▸ **Exercise**: From the line containing "María Gómez y" down to the line containing "Nov. 22, 1970", copy out the entries below exactly, both lines included, and nothing else; pictures do not belong in the copy.
*** Given records ***
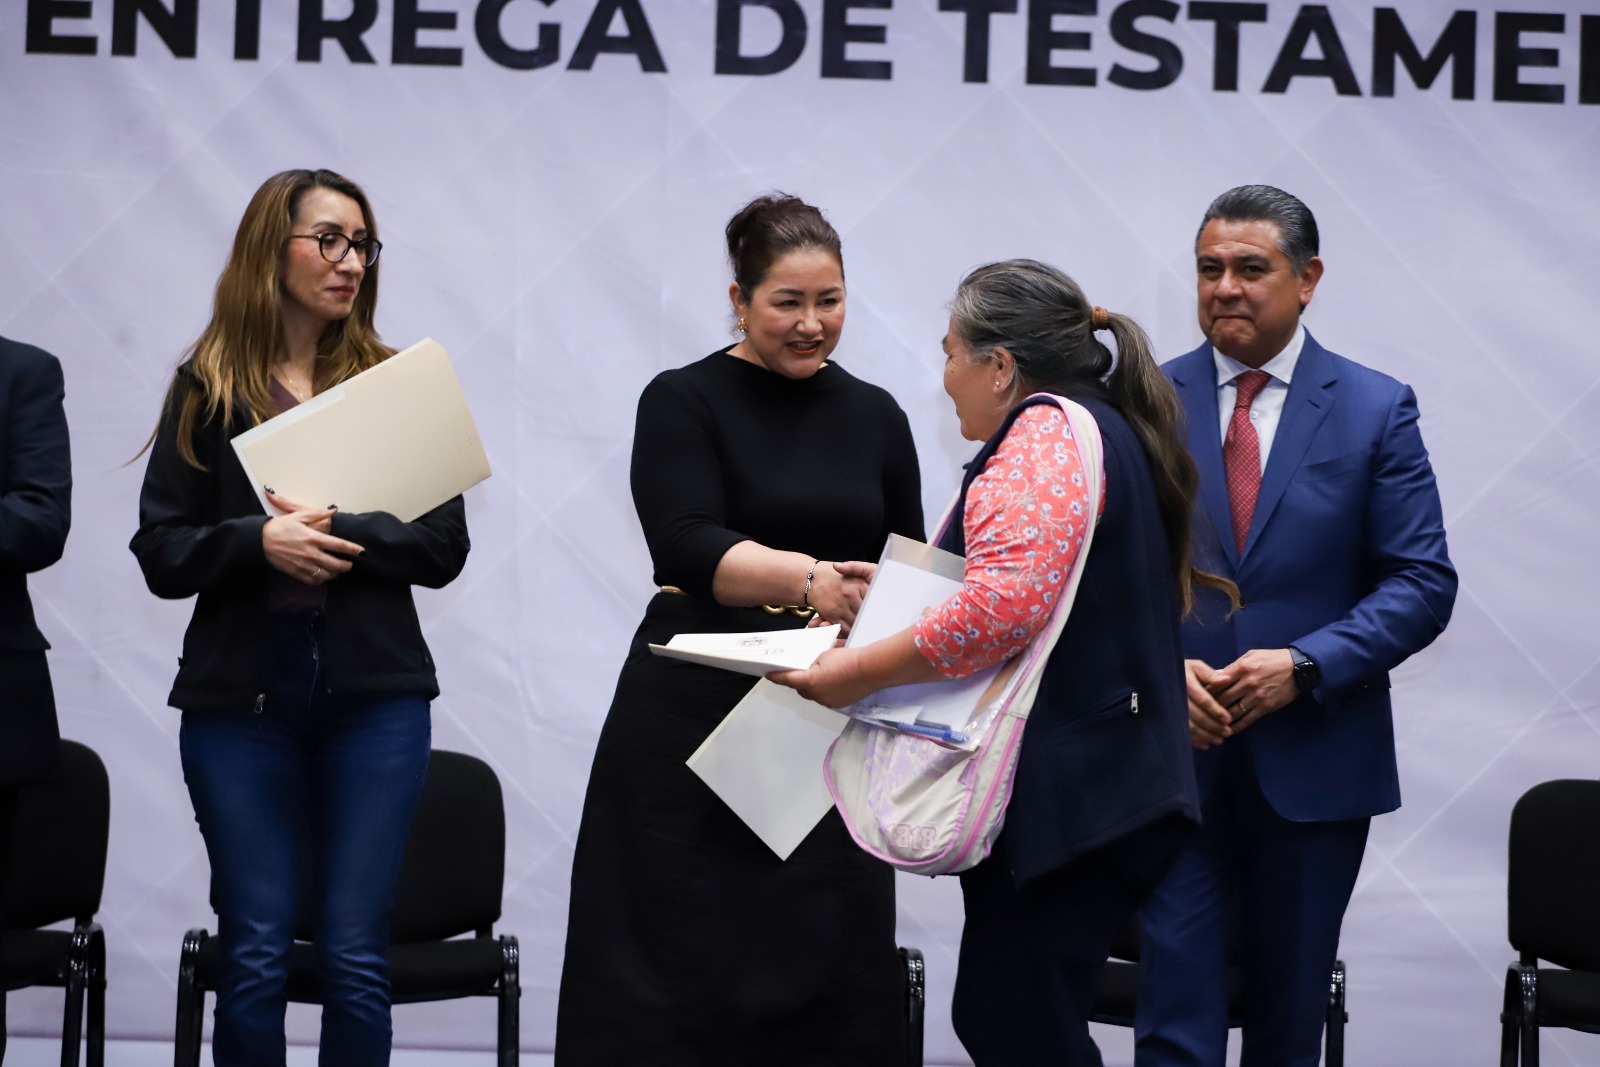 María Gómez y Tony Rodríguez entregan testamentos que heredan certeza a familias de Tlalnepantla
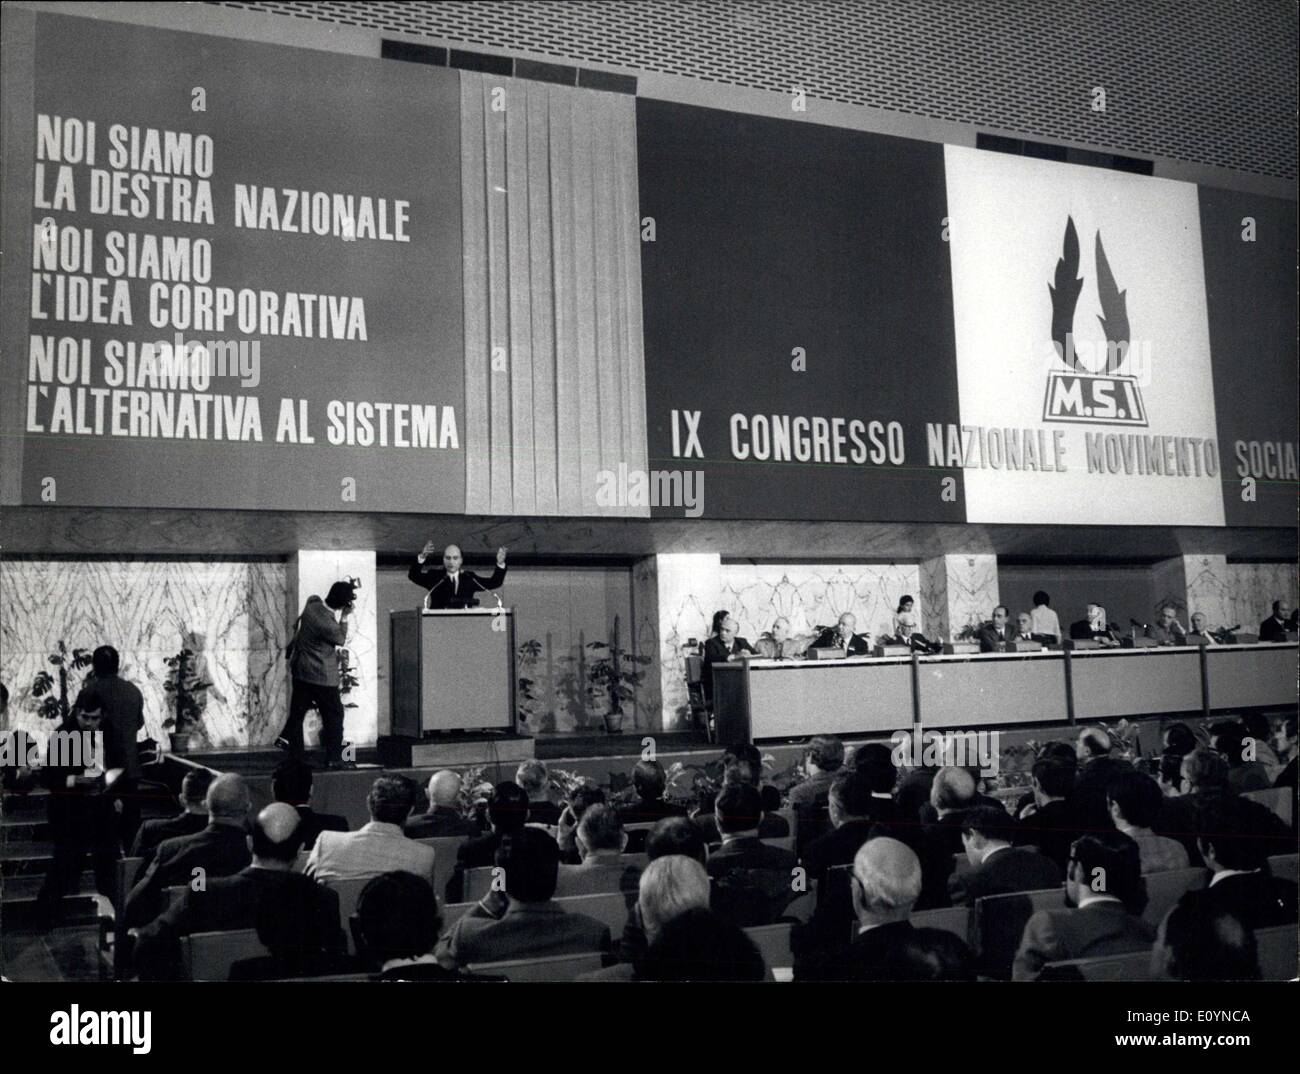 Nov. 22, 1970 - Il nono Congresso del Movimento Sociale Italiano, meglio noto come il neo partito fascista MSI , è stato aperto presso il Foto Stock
*** End of Given records ***
*** Given records ***
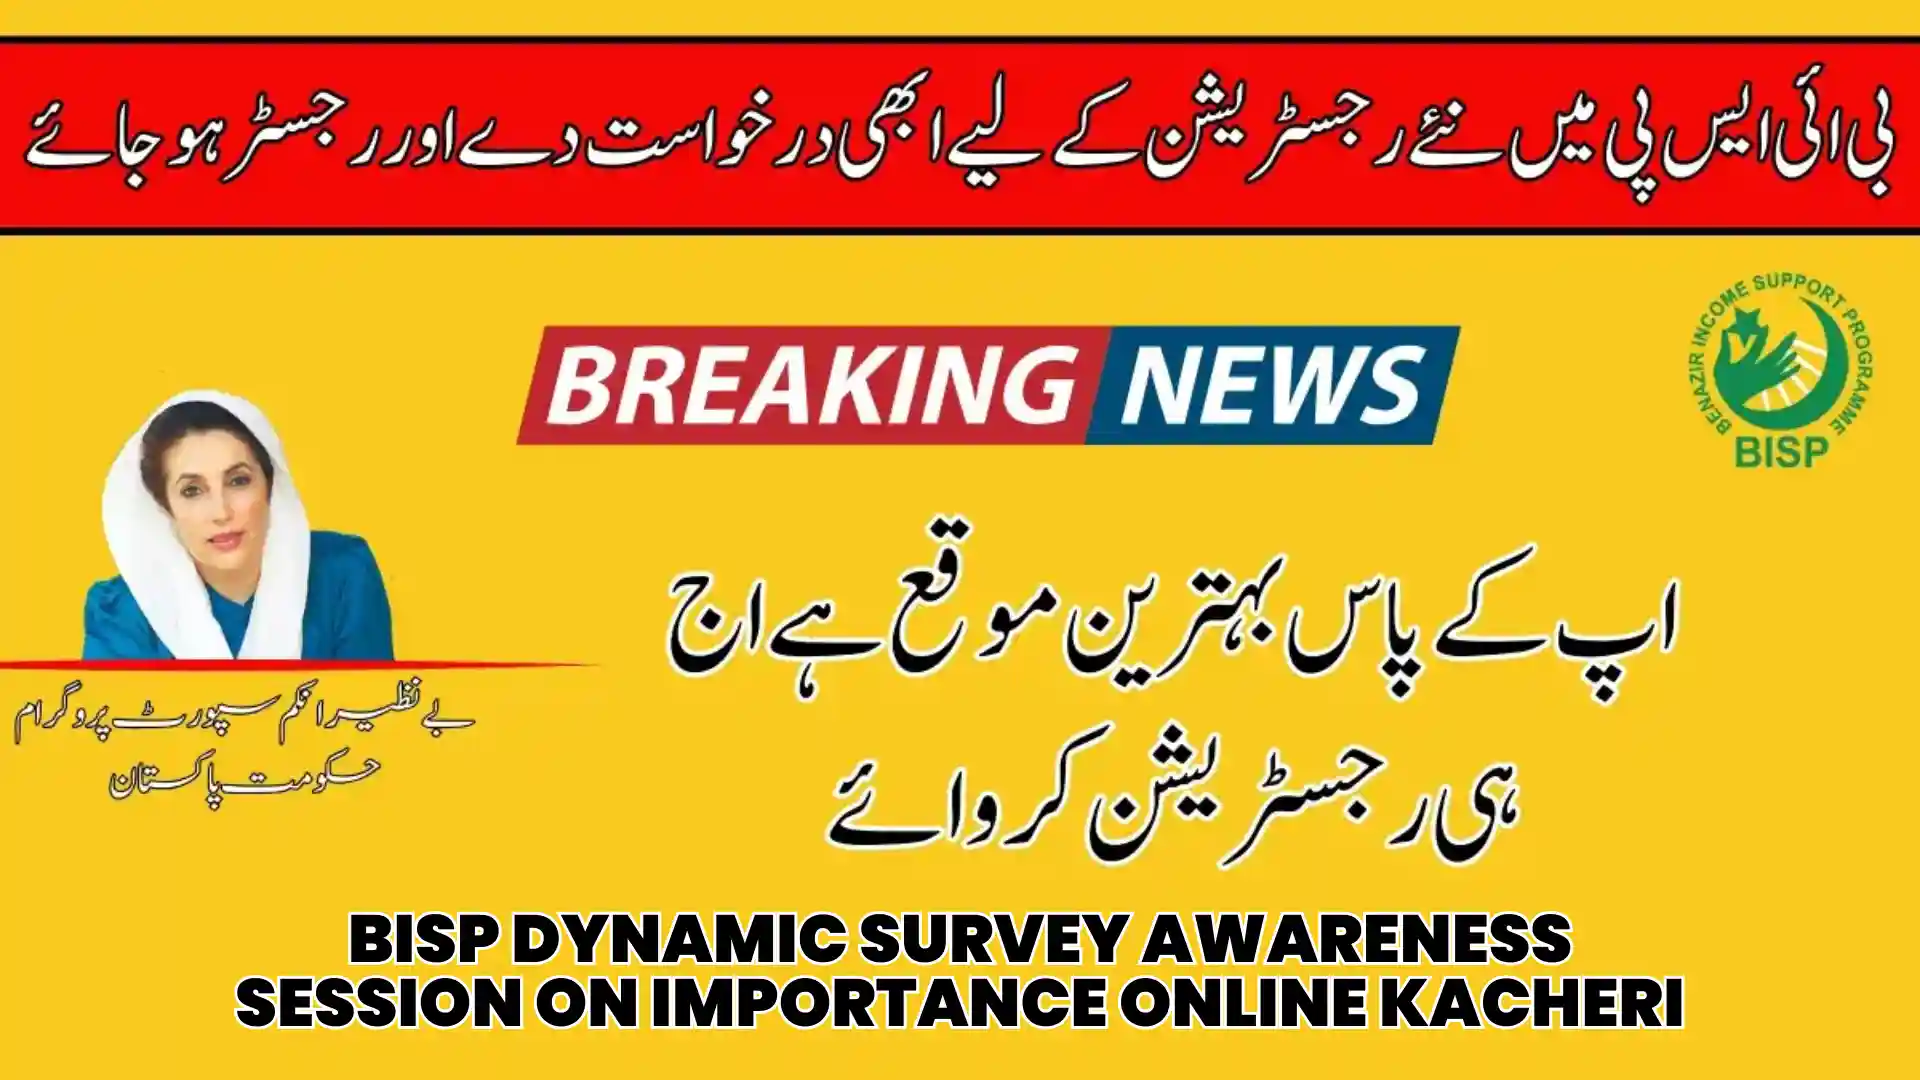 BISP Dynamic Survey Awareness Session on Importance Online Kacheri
*** End of Given records ***
▸ **Completed task**:
 María Gómez y Tony Rodríguez entregan testamentos que heredan certeza a familias de Tlalnepantla
 Nov. 22, 1970 - Il nono Congresso del Movimento Sociale Italiano, meglio noto come il neo partito fascista MSI , è stato aperto presso il Foto Stock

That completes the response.